**Task to carry out:**
Every line of the listing below should be written out exactly, minus its pictures.

**Given material:**

• • •

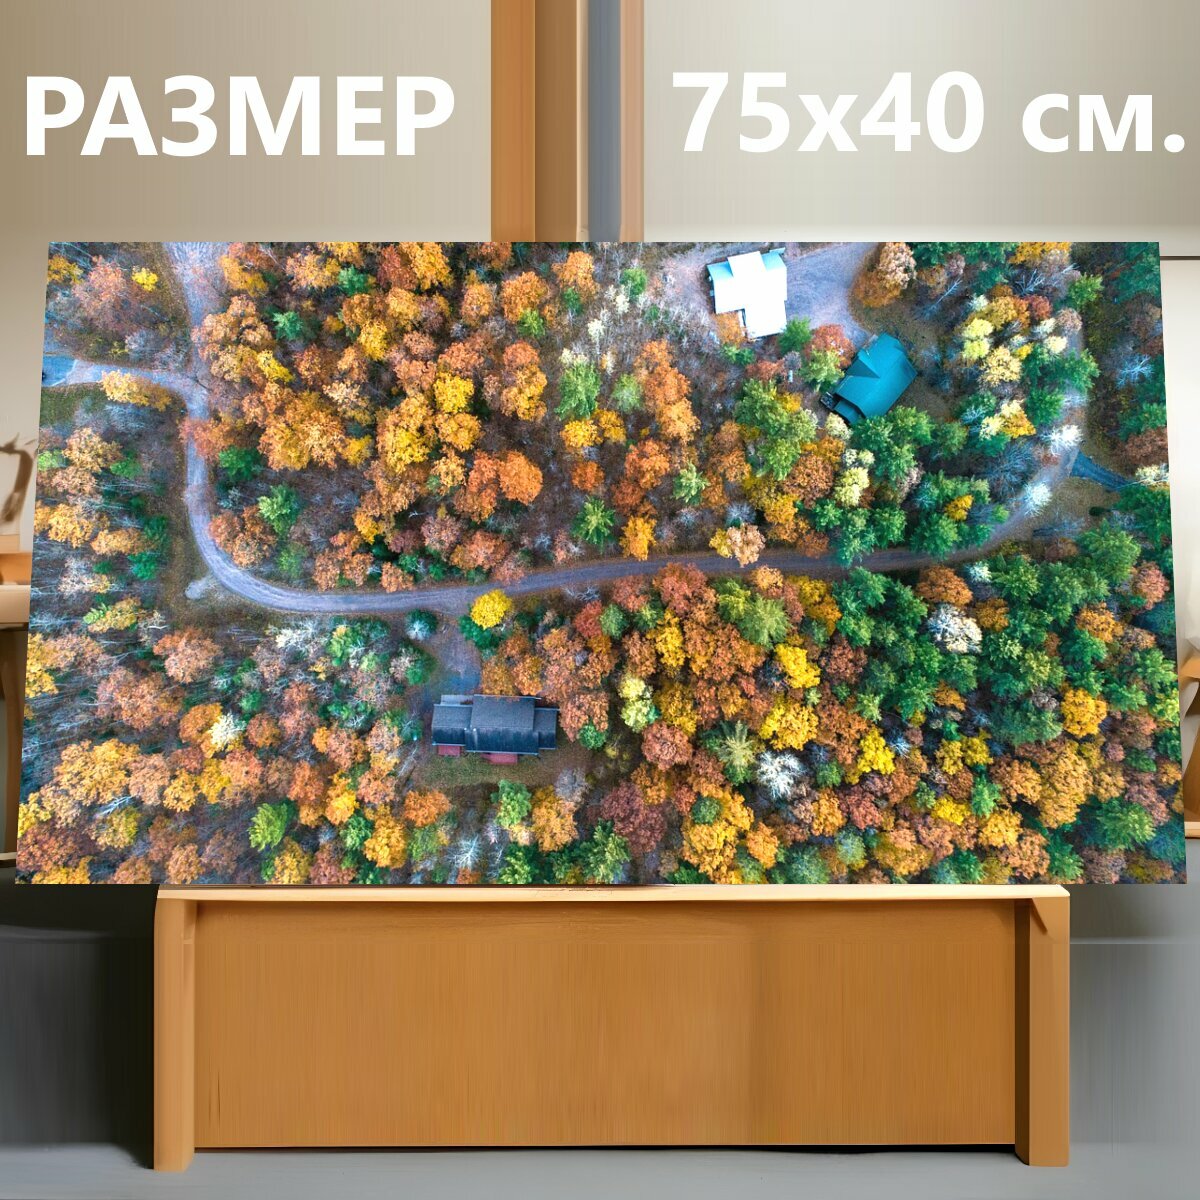 Картина на холсте "Дорога, вид сверху фото, дерево фото" на подрамнике 75х40 см. для интерьера
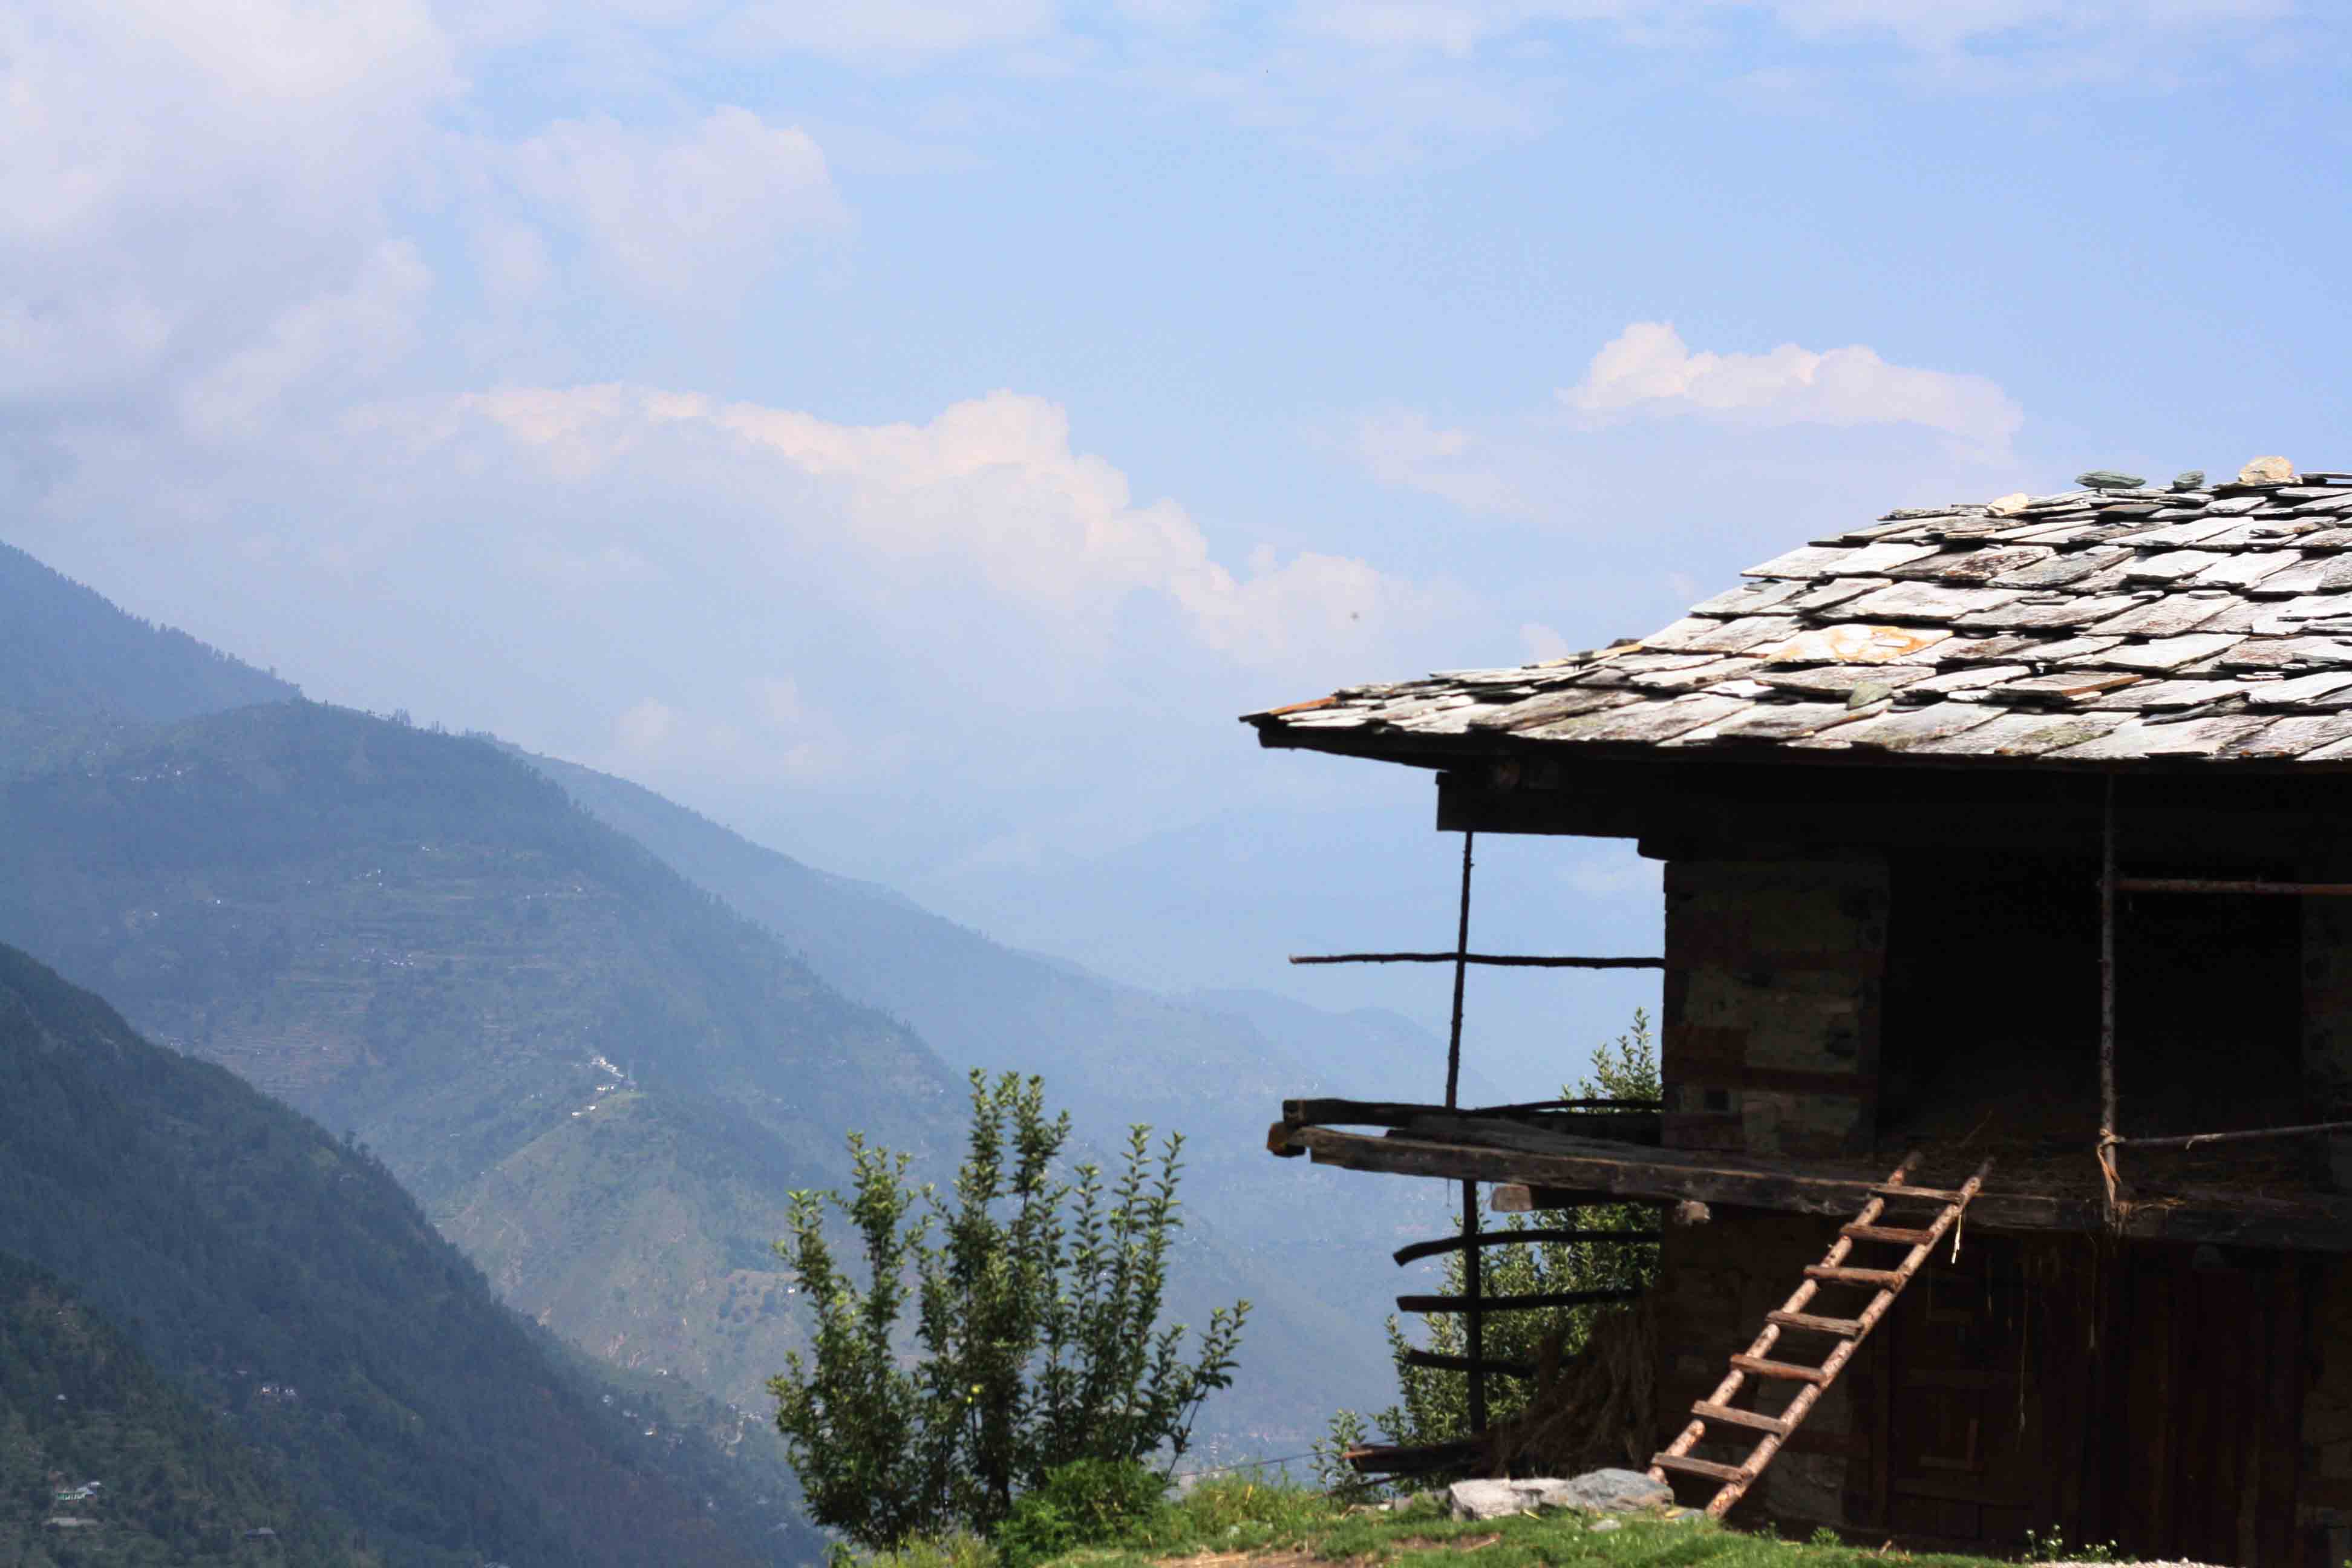 City Travel - Pekhari Village, Great Himalayan National Park
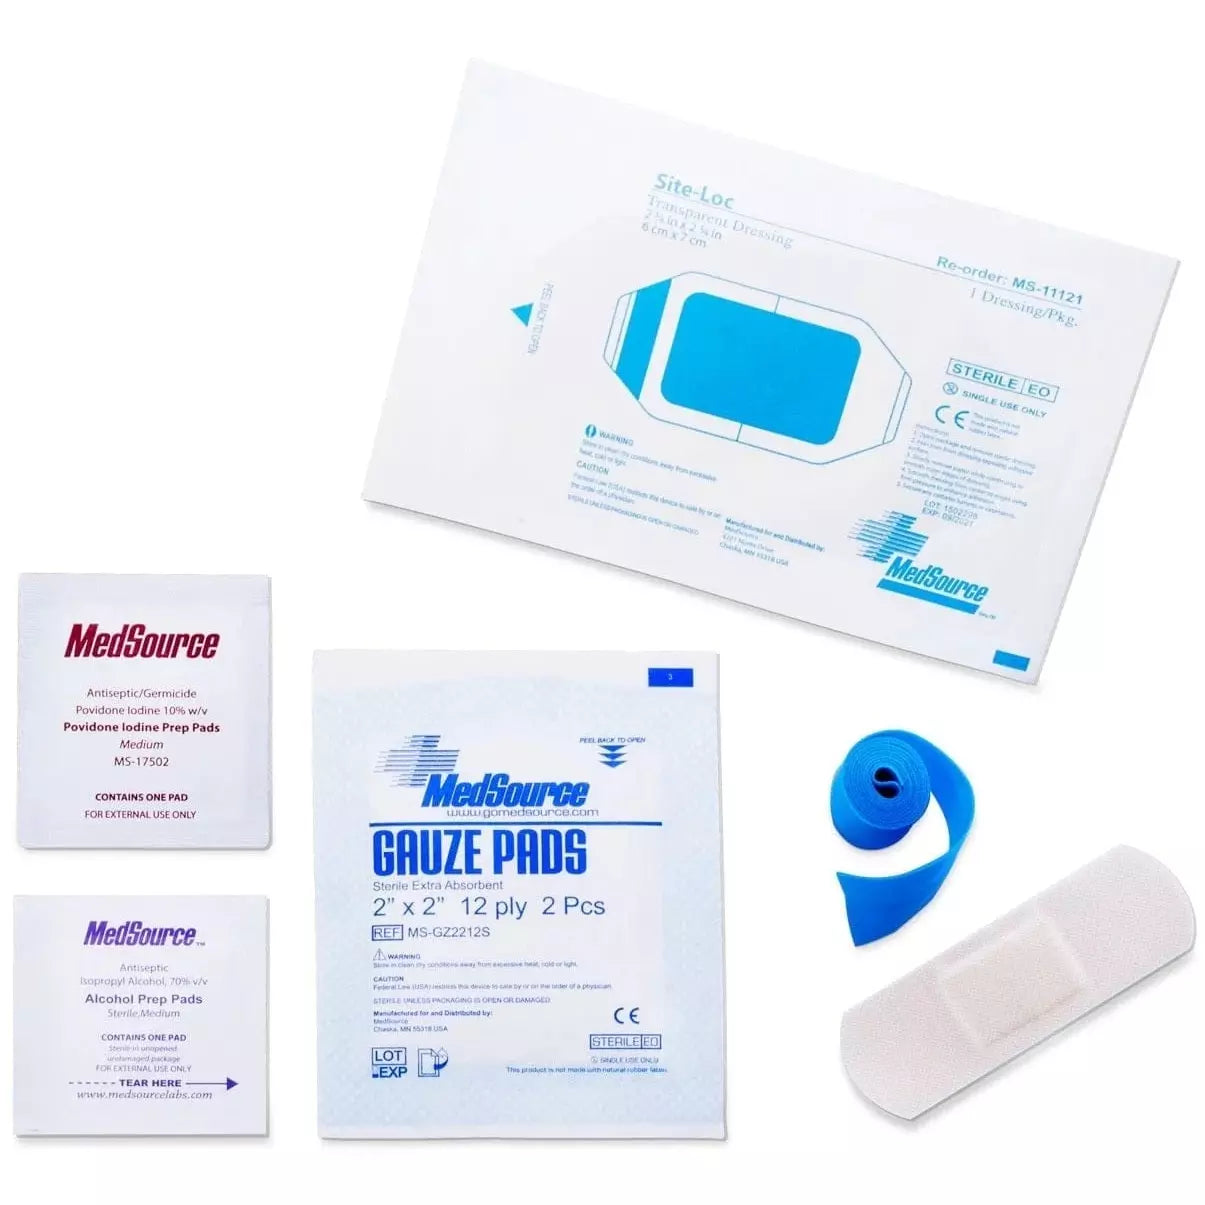 MS-80045 Kit Contents: • A MedSource Site-Loc Transparent Dressing • Alcohol Prep Pad • 2” x 2” Sterile Gauze Sponges • Povidone Iodine Prep Pad •1” x 3” Sterile Bandage • Latex Free Rolled Tourniquet

• • •

**Answer area:**
 Картина на холсте "Дорога, вид сверху фото, дерево фото" на подрамнике 75х40 см. для интерьера
 City Travel - Pekhari Village, Great Himalayan National Park
 MS-80045 Kit Contents: • A MedSource Site-Loc Transparent Dressing • Alcohol Prep Pad • 2” x 2” Sterile Gauze Sponges • Povidone Iodine Prep Pad •1” x 3” Sterile Bandage • Latex Free Rolled Tourniquet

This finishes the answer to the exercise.